Look beyond the food bowl
With food allergy as the potential primary cause, a diet trial was an important part of getting to a diagnosis for Hank. Remember that thorough history? Dr. Cole revisited it because Hank's diet wasn't his only source of protein. His flea and heartworm medications contained flavoring, so Dr. Cole switched Hank to a flavorless heartworm preventive and a topical flea preventive.
Dr. Cole had also learned from the history that Hank's owner brushed his teeth with a poultry-flavored toothpaste, so that was changed to a vanilla mint paste.
“We've got to look at and eliminate those other protein sources,” she explained, so be sure to explore everything the dog ingests.
Don't scare your food trial clients
The best-laid plans of mice and men often go awry. In other words, your diet trial may encounter some glitches. In Hank's case, the owner thought he may have gotten ahold of a treat he wasn't supposed to have (according to his history, Hank belonged to a breeder and shared a home with several other dogs).

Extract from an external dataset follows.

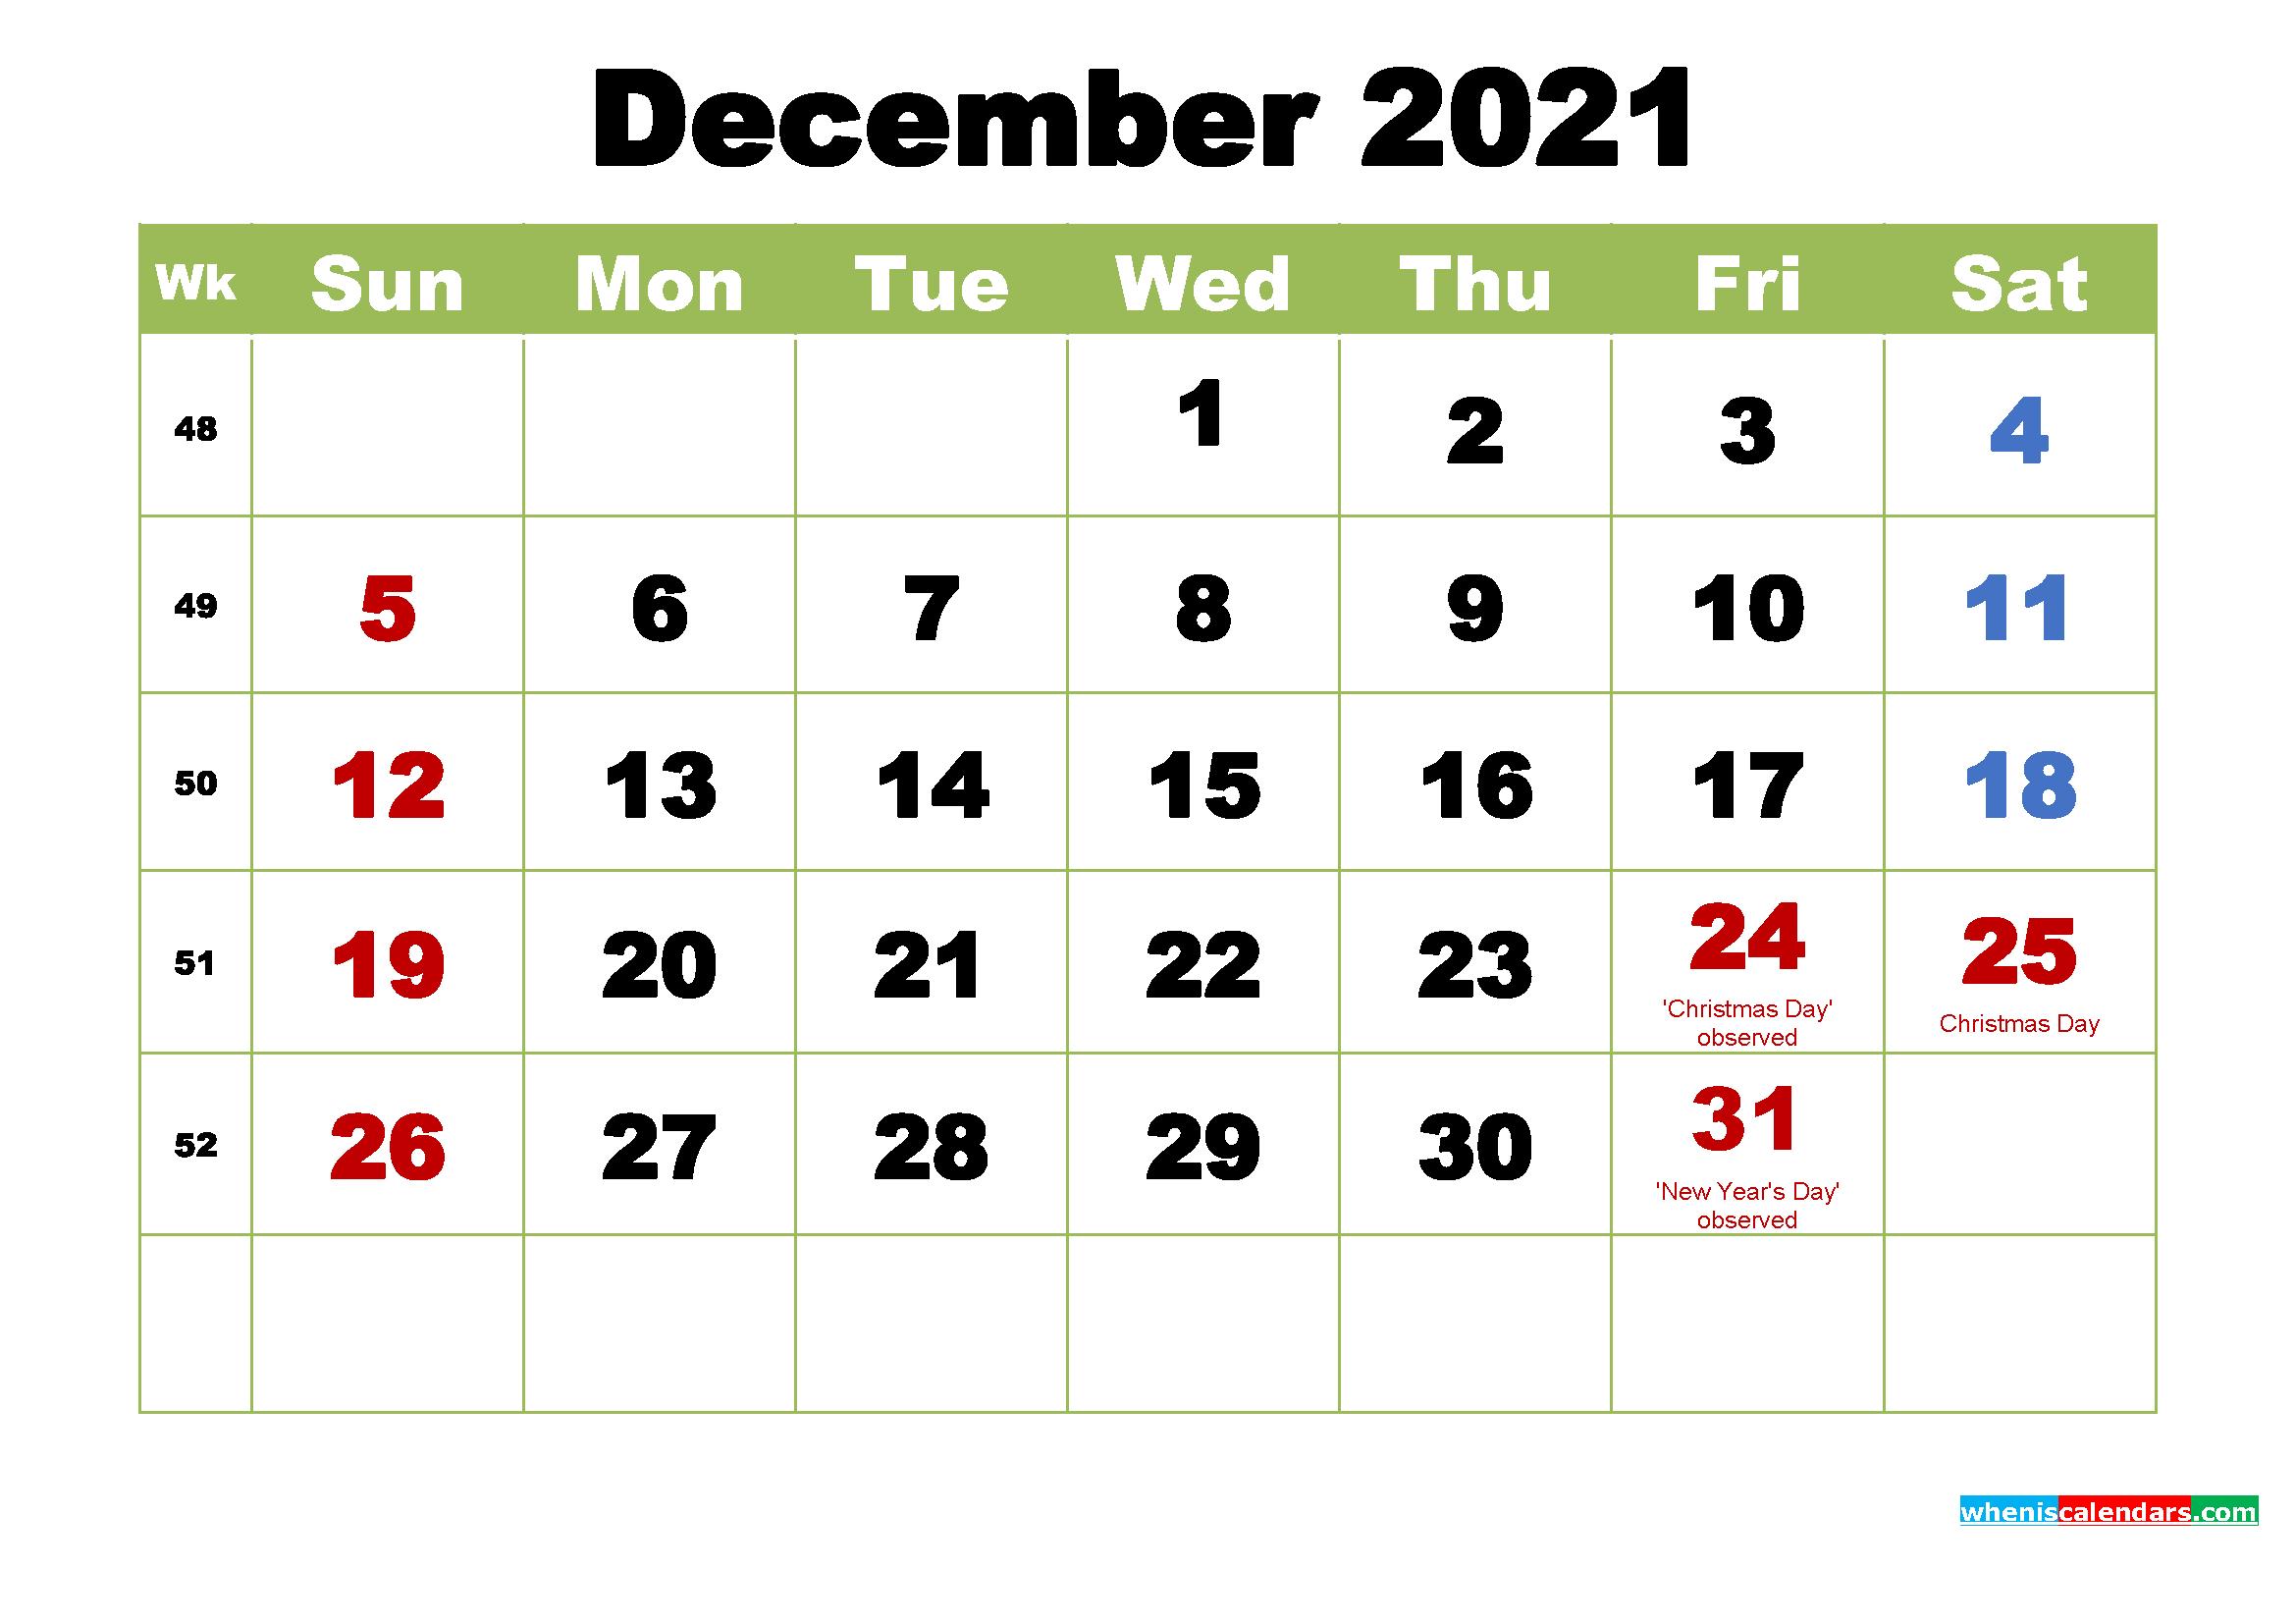 December 2021 Desktop Calendar With Holidays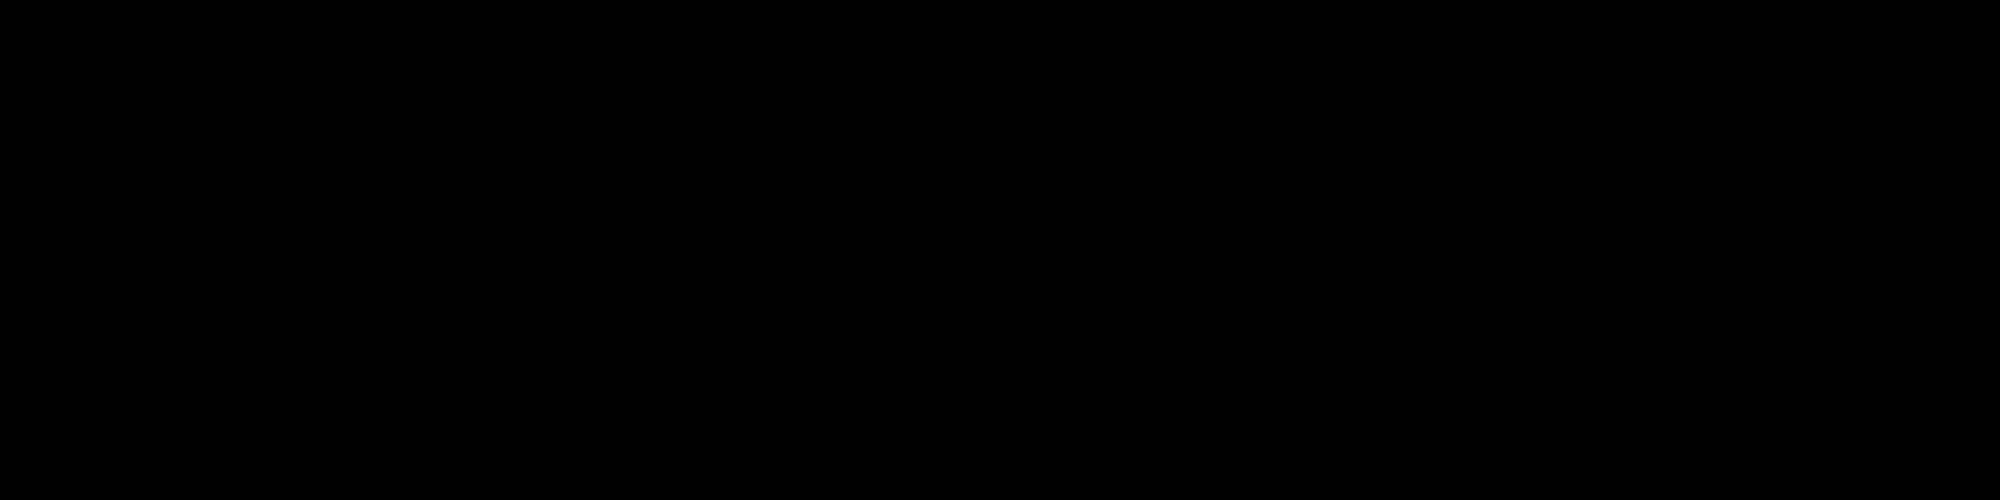 Symbol Inductor.

Though it can be frustrating, Dr. Cole said it's in your best interest (and thus the patient's best interest) to avoid badgering your clients too much. Encourage them to be honest. You want them to feel like you trust them but that you'll be understanding if a mistake is made.
“If the dog's been accidentally getting into something, or if the owner's been giving the pills with cheese, I need to know that,” said Dr Cole. Don't create a situation in which your client is too ashamed and afraid of your reaction to tell the truth.
Be in it for the long haul
In closing, Dr. Cole reminded the audience that finding the primary cause takes time (a fact you may want to tell your clients upfront as well). In Hank's case, it took months to definitively diagnose him with cutaneous adverse food reaction.
Dr. Cole also advised against stopping treatment too soon.
“Treat until there's not only no organisms (that's a no-brainer), but also no inflammatory cells or nuclear streaming cytologically. If those are present, it's telling you that there's still inflammation and infection in the ear,” she explained. “And the last thing you want to do is stop too soon and have everything relapse.”